● **Data to examine**
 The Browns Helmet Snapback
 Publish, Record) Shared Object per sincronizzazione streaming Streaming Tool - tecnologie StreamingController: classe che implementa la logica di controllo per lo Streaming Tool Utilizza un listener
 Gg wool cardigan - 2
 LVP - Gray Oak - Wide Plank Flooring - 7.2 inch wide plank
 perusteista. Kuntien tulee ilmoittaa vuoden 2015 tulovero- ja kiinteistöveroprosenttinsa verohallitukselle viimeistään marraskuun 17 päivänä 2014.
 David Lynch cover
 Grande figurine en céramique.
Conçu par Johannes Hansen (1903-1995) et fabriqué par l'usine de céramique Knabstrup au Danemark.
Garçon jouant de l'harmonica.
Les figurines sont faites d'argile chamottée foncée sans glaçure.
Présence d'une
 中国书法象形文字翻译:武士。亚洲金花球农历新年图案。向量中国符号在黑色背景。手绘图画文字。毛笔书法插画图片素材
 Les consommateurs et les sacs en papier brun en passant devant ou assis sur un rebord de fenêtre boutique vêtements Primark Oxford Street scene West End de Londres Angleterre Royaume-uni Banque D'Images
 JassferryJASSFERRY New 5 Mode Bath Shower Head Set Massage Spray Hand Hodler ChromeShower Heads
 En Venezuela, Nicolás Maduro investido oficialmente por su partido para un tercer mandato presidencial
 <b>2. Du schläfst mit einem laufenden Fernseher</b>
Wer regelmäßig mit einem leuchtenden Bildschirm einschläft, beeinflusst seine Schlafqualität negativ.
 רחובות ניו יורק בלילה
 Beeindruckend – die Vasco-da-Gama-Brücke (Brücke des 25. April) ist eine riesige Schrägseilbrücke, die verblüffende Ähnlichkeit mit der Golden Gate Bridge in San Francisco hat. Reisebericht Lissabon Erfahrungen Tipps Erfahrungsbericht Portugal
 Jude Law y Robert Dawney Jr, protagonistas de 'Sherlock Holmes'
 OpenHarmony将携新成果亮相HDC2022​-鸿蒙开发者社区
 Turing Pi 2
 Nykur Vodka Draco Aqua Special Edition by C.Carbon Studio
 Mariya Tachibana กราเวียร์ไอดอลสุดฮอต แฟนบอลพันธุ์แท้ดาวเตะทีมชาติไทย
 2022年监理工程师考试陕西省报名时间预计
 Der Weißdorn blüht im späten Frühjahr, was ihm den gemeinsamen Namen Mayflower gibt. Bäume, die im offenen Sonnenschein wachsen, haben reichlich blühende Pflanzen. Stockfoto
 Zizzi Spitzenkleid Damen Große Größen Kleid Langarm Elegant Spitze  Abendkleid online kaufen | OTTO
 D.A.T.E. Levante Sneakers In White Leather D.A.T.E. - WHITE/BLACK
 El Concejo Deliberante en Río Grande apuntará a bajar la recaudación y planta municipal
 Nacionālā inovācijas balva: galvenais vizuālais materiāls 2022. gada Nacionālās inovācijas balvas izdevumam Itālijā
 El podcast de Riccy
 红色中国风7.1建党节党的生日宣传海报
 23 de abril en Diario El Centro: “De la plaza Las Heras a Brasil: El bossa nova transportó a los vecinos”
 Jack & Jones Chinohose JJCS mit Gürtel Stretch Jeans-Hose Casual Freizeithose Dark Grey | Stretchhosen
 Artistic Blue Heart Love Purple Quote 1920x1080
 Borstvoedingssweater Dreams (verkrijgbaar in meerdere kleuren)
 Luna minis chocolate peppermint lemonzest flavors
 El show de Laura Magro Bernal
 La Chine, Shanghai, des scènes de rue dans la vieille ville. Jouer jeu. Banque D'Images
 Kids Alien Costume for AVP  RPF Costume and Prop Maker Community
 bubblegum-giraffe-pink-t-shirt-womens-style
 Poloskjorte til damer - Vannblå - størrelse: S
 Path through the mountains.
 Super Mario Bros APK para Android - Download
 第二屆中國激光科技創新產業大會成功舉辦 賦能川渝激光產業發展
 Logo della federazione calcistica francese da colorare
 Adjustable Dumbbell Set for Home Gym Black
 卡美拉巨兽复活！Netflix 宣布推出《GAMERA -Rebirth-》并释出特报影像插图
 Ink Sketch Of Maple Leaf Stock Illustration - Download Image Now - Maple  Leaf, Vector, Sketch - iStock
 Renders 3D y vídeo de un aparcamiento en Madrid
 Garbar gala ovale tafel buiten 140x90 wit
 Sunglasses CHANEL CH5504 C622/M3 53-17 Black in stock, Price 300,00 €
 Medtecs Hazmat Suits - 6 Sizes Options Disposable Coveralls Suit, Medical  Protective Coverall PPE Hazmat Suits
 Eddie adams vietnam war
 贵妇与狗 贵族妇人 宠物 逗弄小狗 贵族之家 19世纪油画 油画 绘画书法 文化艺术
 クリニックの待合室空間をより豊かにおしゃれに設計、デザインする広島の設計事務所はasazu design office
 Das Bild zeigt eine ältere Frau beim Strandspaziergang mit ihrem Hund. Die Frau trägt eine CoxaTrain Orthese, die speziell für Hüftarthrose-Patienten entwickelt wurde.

● **Exercise aim**
For every line above that includes the word "Grande", return the line.

● **Exercise answer**
 Grande figurine en céramique.
 El Concejo Deliberante en Río Grande apuntará a bajar la recaudación y planta municipal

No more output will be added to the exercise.